Published in final edited form as: Gynecol Oncol. 2008 Feb 13;109(1):115–121. doi: 10.1016/j.ygyno.2007.12.030

Selenium-Binding Protein 1 expression in ovaries and ovarian tumors of in the laying hen, a spontaneous model of human ovarian cancer

Karen Stammer 1, Seby L Edassery 1, Animesh Barua 1, Pincas Bitterman 3, Janice M Bahr 4, Dale Buchanan Hales 5, Judith Luborsky 1,2
PMCID: PMC2387249  NIHMSID: NIHMS46582  PMID: 18272210

Abstract

Objective

Reduced Selenium-Binding Protein 1 (SELENBP1) expression was recently shown in multiple cancers. There is little information on the expression and function of SELENBP1 in cancer progression. In order to develop a better understanding of the role of SELENBP1 in ovarian cancer, our objective was to determine if SELENBP1 is expressed in the normal ovaries and ovarian tumors in the egg-laying hen, a spontaneous model of human ovarian cancer.

Methods

SPB1 mRNA expression in normal ovary (n=20) and ovarian tumors (n=23) was evaluated by RT-PCR. Relative levels of mRNA were compared by quantitative RT-PCR (qRT-PCR) in selected samples. SELENBP1 protein expression was evaluated by 1D Western Blot and immunohistochemistry with a commercial anti-human SELENBP1 antibody.

Results

SELENBP1 mRNA and protein was expressed in 100% of normal and ovarian tumors and qRT-PCR confirmed decreased mRNA expression in 80% of ovarian tumors. SELENBP1 was primarily localized in surface epithelial cells of normal ovaries. In ovaries containing early tumor lesions, SELENBP1 expression was reduced in the surface epithelium near the tumor and was expressed in tumor cells, while more distant regions with normal histology retained SELENBP1 expression in the surface epithelium.

Conclusions

We have shown for the first time that SELENBP1 is expressed in both normal ovaries and ovarian tumors in the hen and that SELENBP1 expression is altered in the vicinity of the tumor. Furthermore, SELENBP1 expression in normal ovarian surface epithelium and in ovarian tumors parallels that previously reported for ovarian cancer in women.
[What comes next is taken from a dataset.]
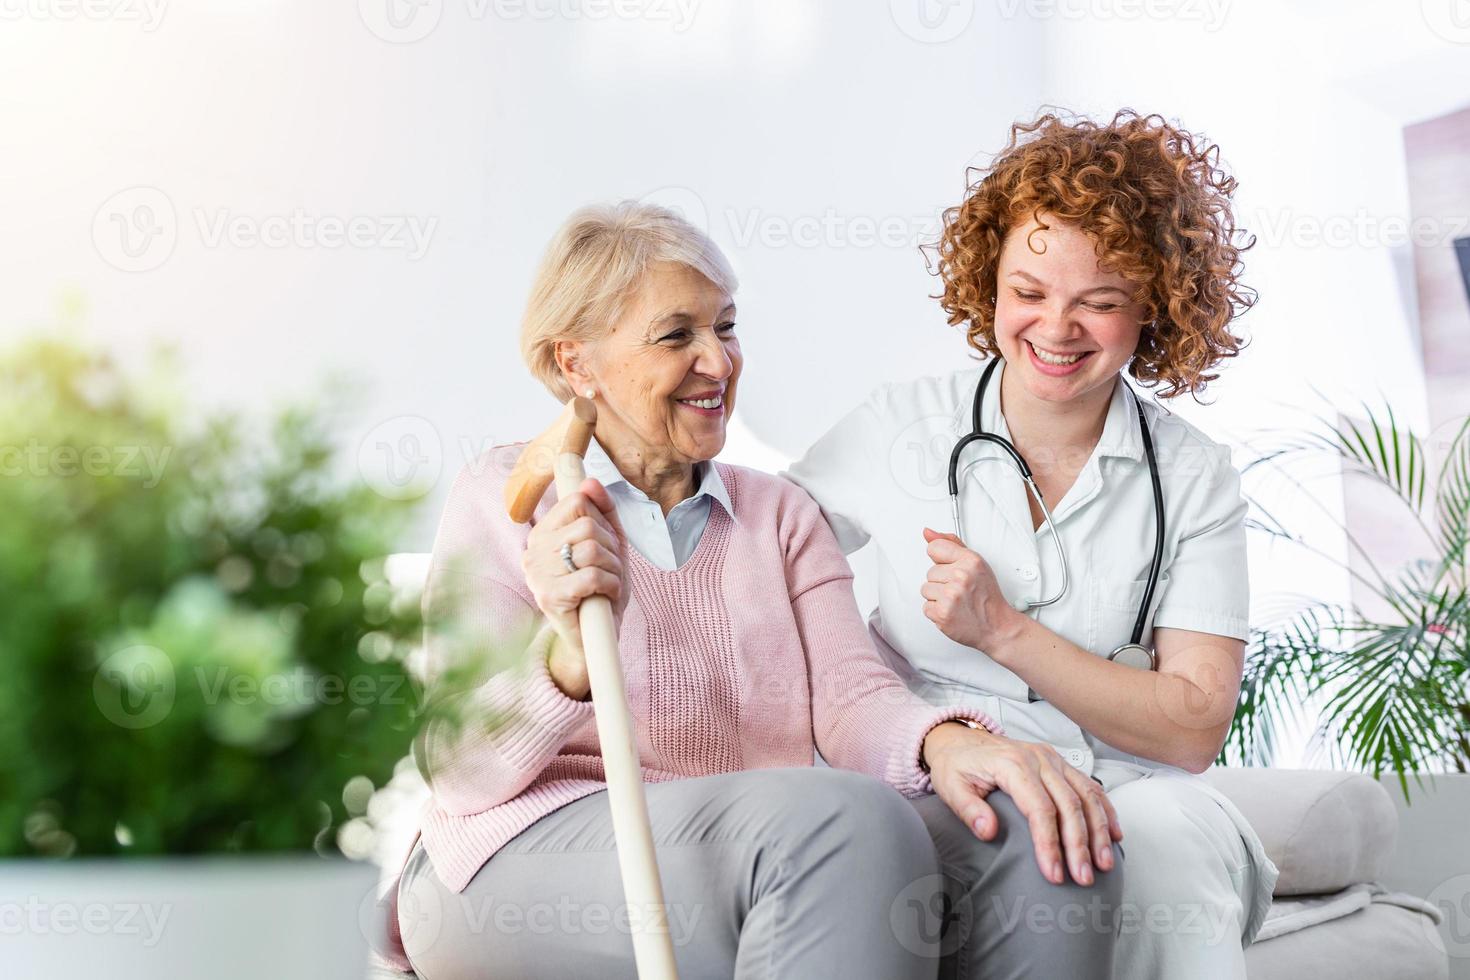 relação amigável entre sorridente cuidador de uniforme e mulher idosa feliz. jovem enfermeira de apoio olhando para mulher sênior. jovem cuidador adorável e ala feliz foto

Keywords: Selenium-Binding Protein 1, Ovarian Cancer, Chickens, Animal Model

Introduction

Selenium is an essential micronutrient known for its role in the alleviation or prevention of inflammatory and autoimmune diseases, infertility, immunodeficiency diseases (HIV), thyroid function, cardiovascular disease and neurological diseases [15]. Because selenium inhibits cellular proliferation and promotes apoptosis of prostate, breast, endometrial, and lung cancer cells directly, it also plays a significant role in the reduction or prevention of multiple cancers [68]. The importance of the anti-cancer action of selenium has been well documented in epidemiological studies which have shown a correlation between high cancer rates and low dietary selenium intake [9]. Clinical trial results for the preventative role of selenium in prostate cancer are particularly strong [1013].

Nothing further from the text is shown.